■ **Source material**
--------------------------------

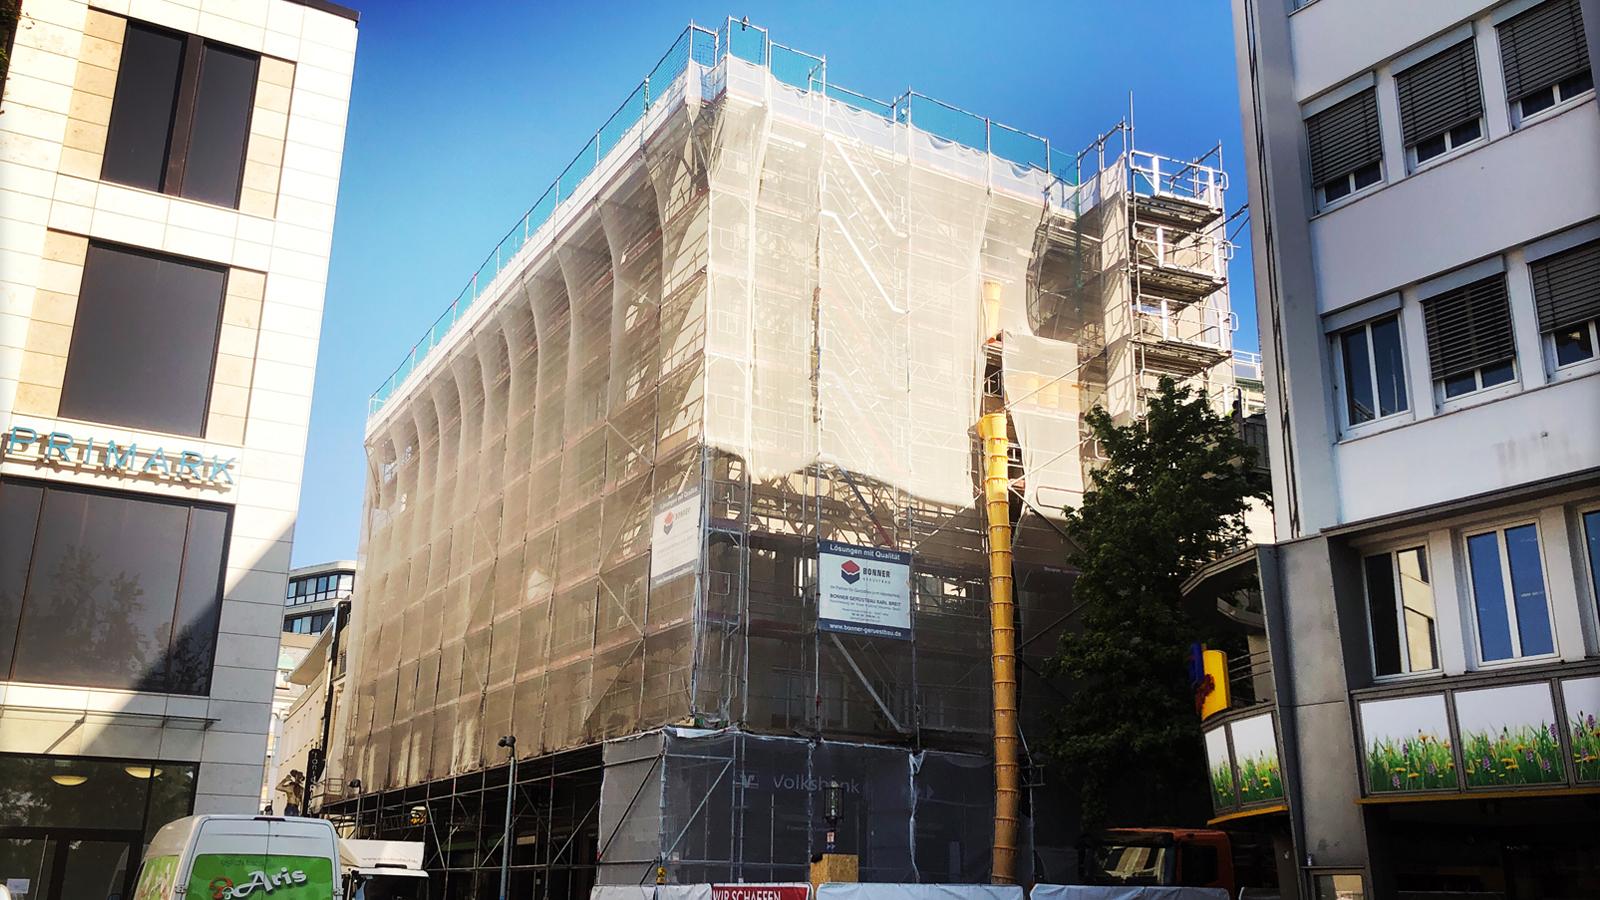 Volksbank - Architekt Bonn - Koenigs Rütter
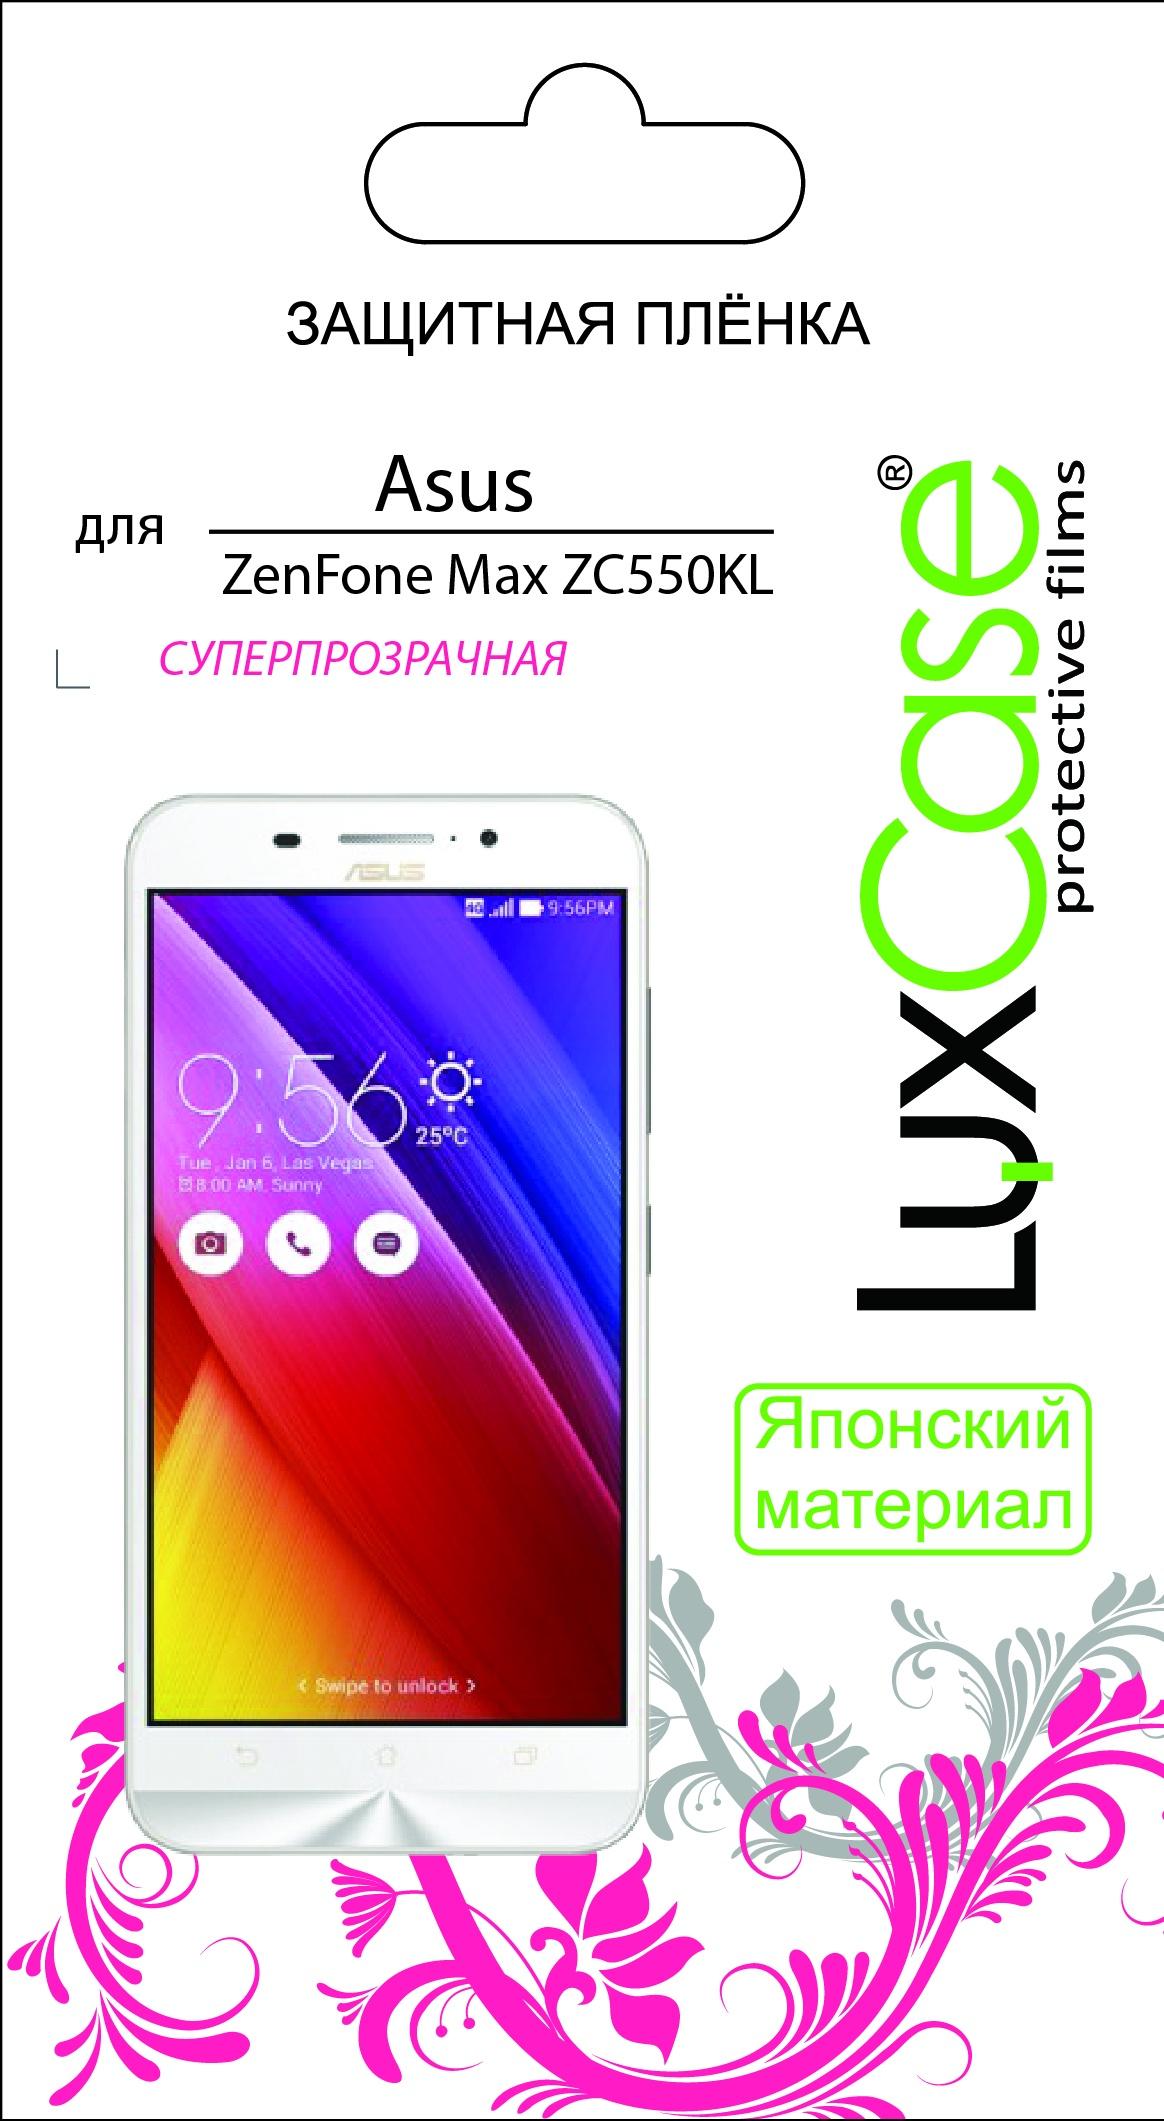 цена на Пленка ASUS ZenFone Max ZC550KL / суперпрозрачная
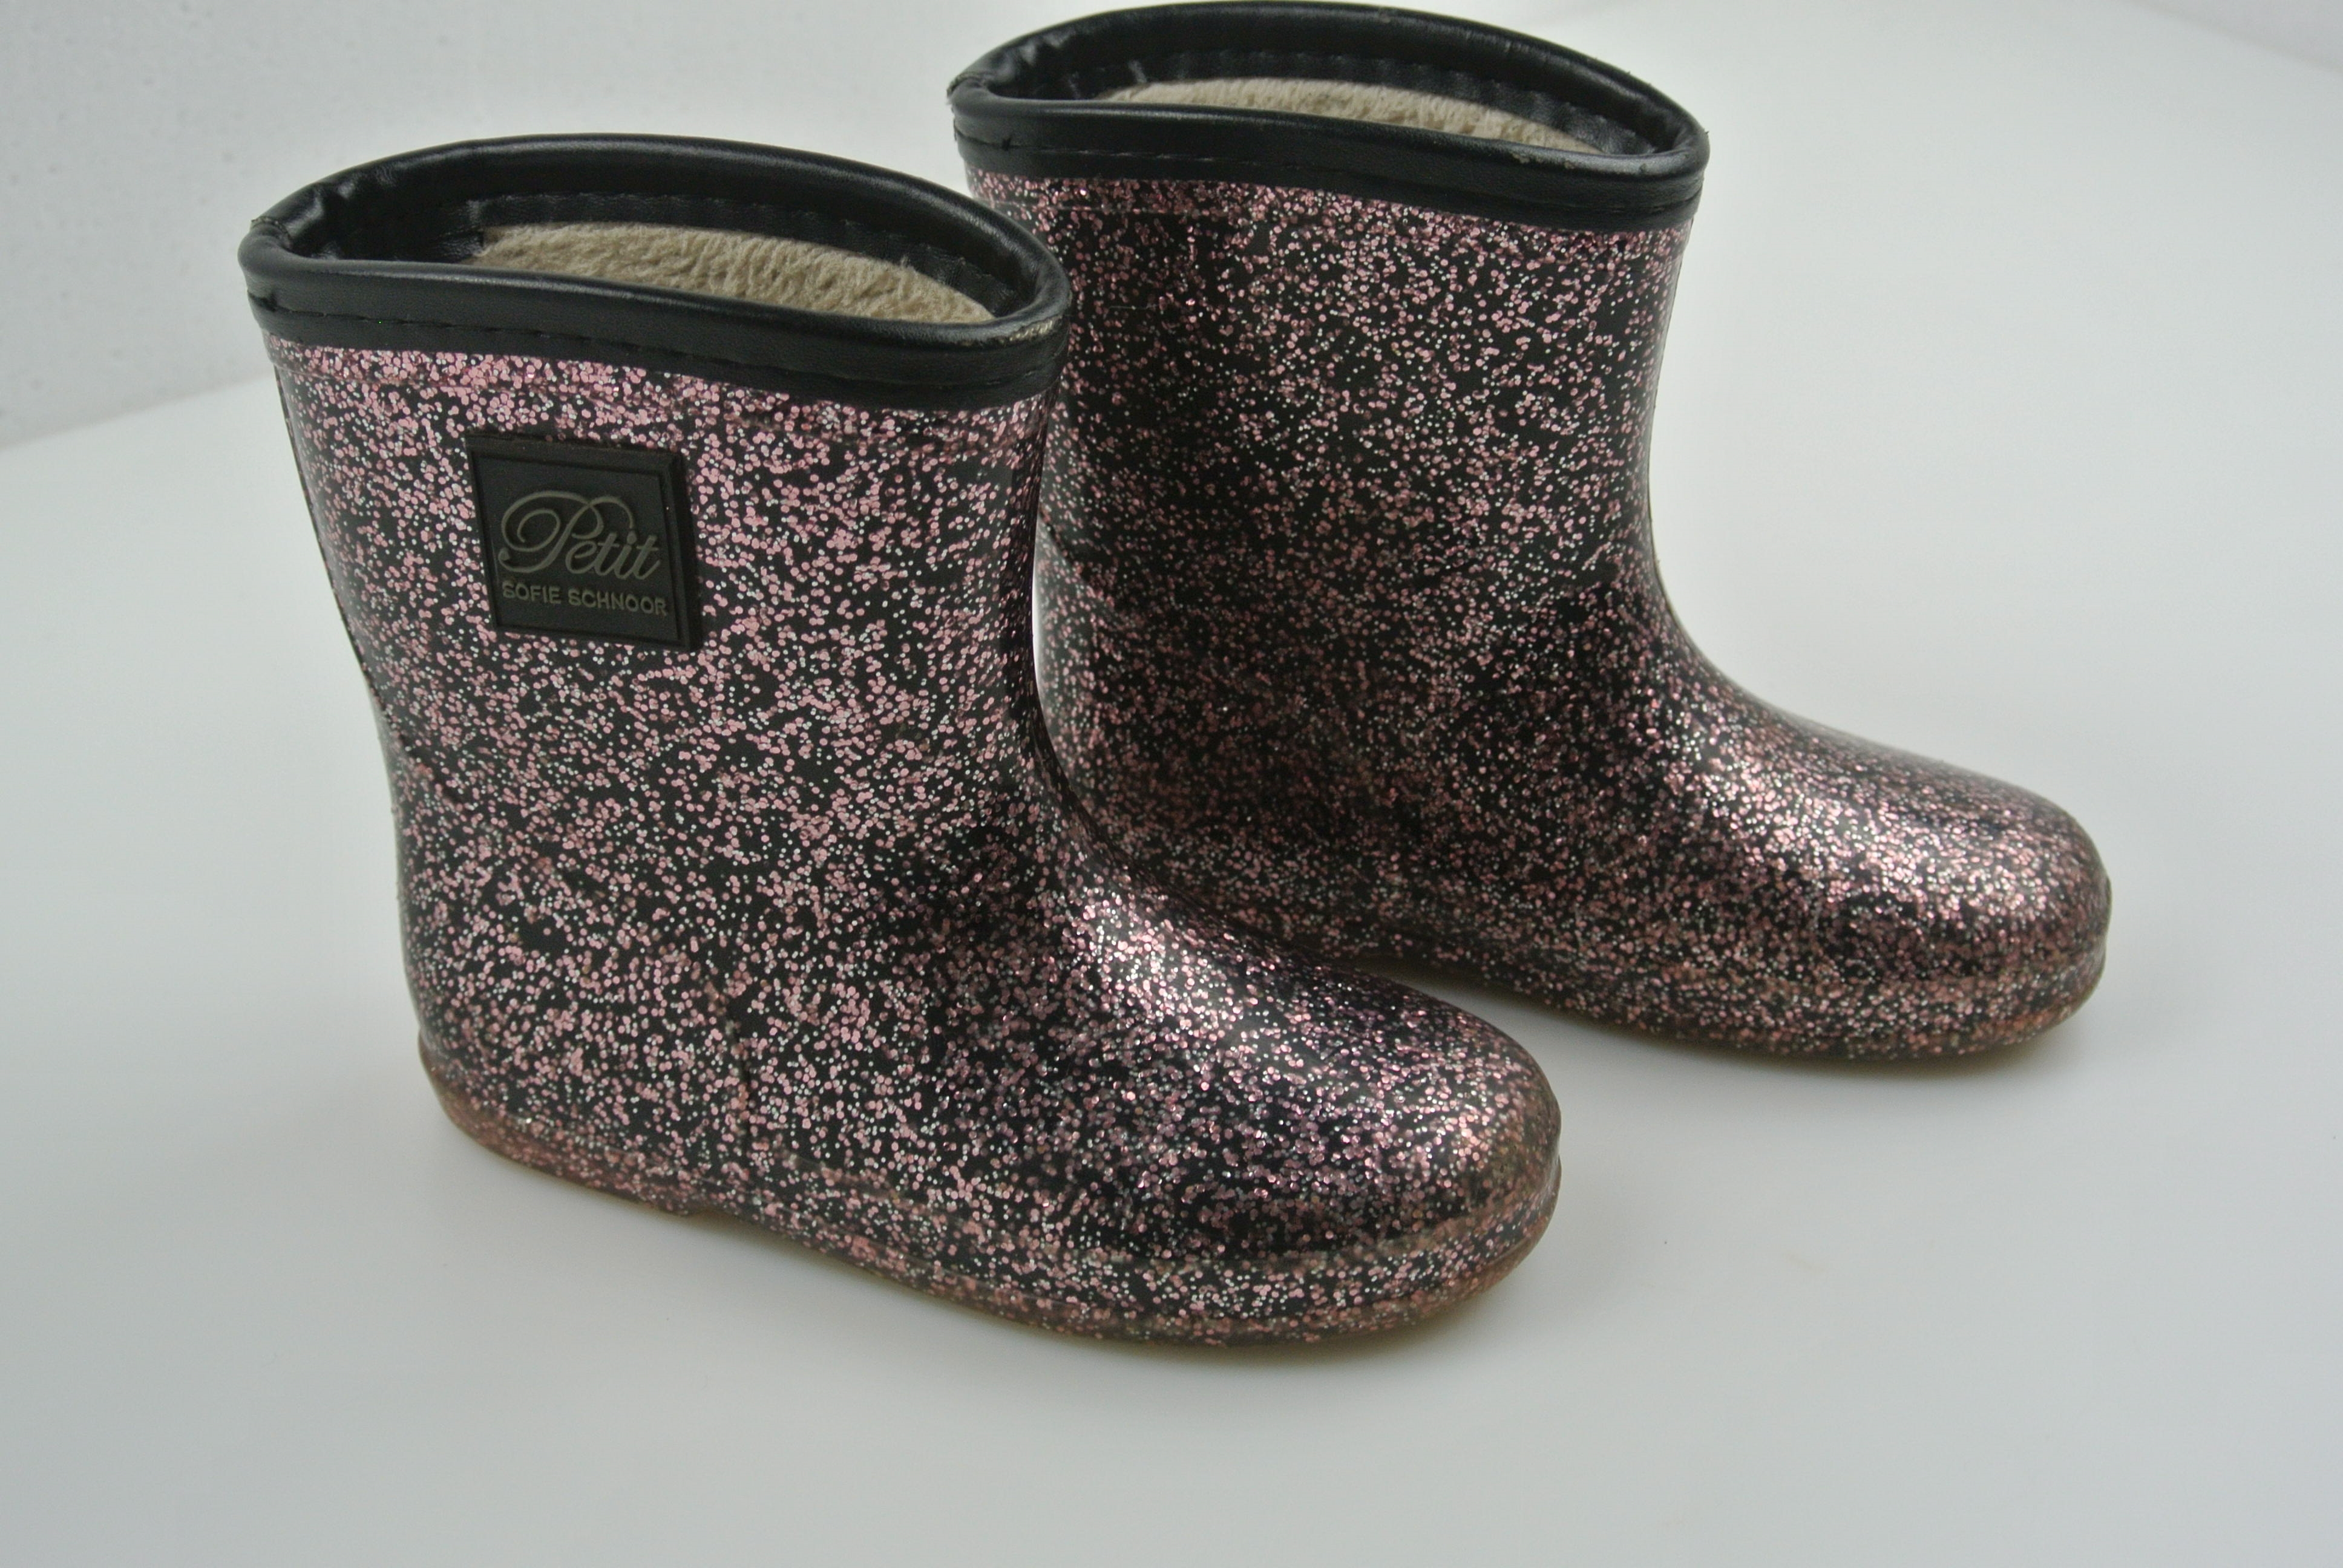 Petit by Sofie schnoor gummistøvler str 25 sko
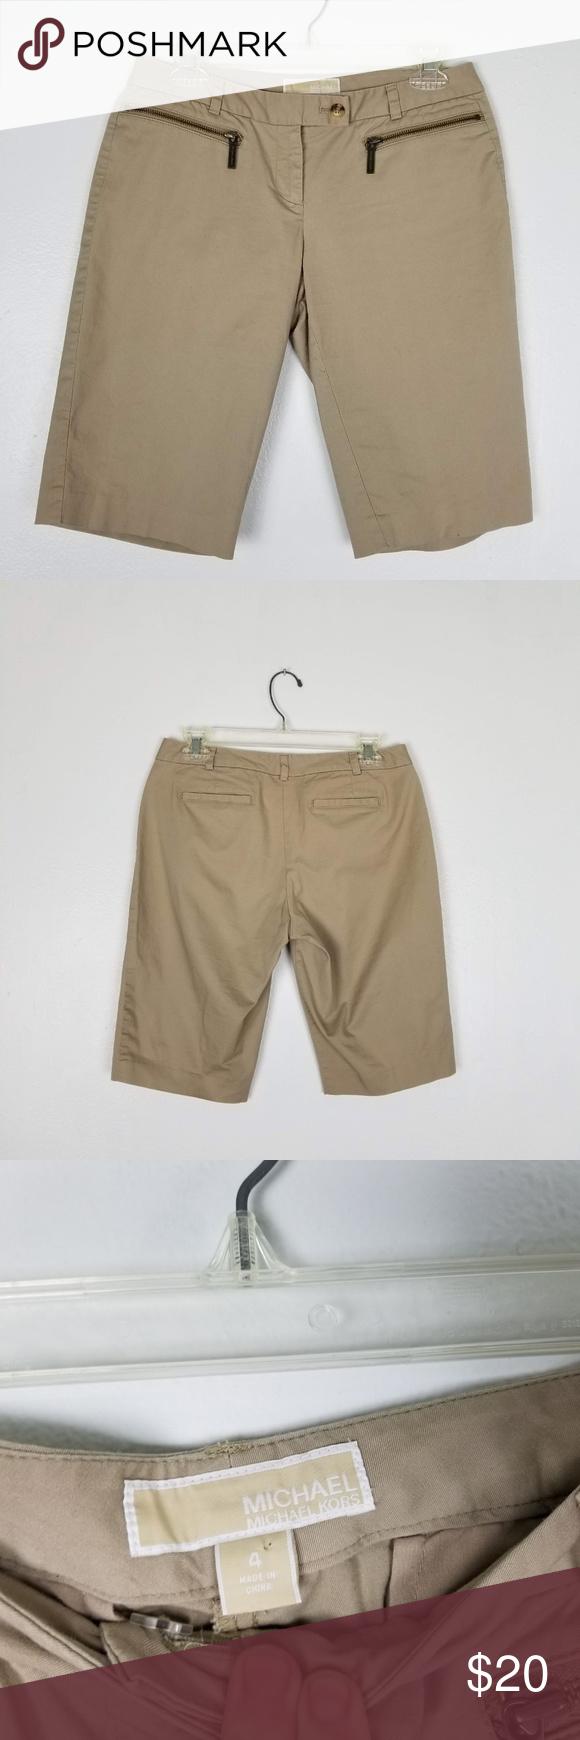 Classic Kors Style Bermuda Shorts Michael Great Of Khaki Pair hBrdtsCxQ

--------------------------------

■ **Brief**
Beginning at the line containing "цена на Пленка", restate every line through the end of the material above exactly; omit the pictures.

■ **Reply to the exercise**
 цена на Пленка ASUS ZenFone Max ZC550KL / суперпрозрачная
 Petit by Sofie schnoor gummistøvler str 25 sko
 Classic Kors Style Bermuda Shorts Michael Great Of Khaki Pair hBrdtsCxQ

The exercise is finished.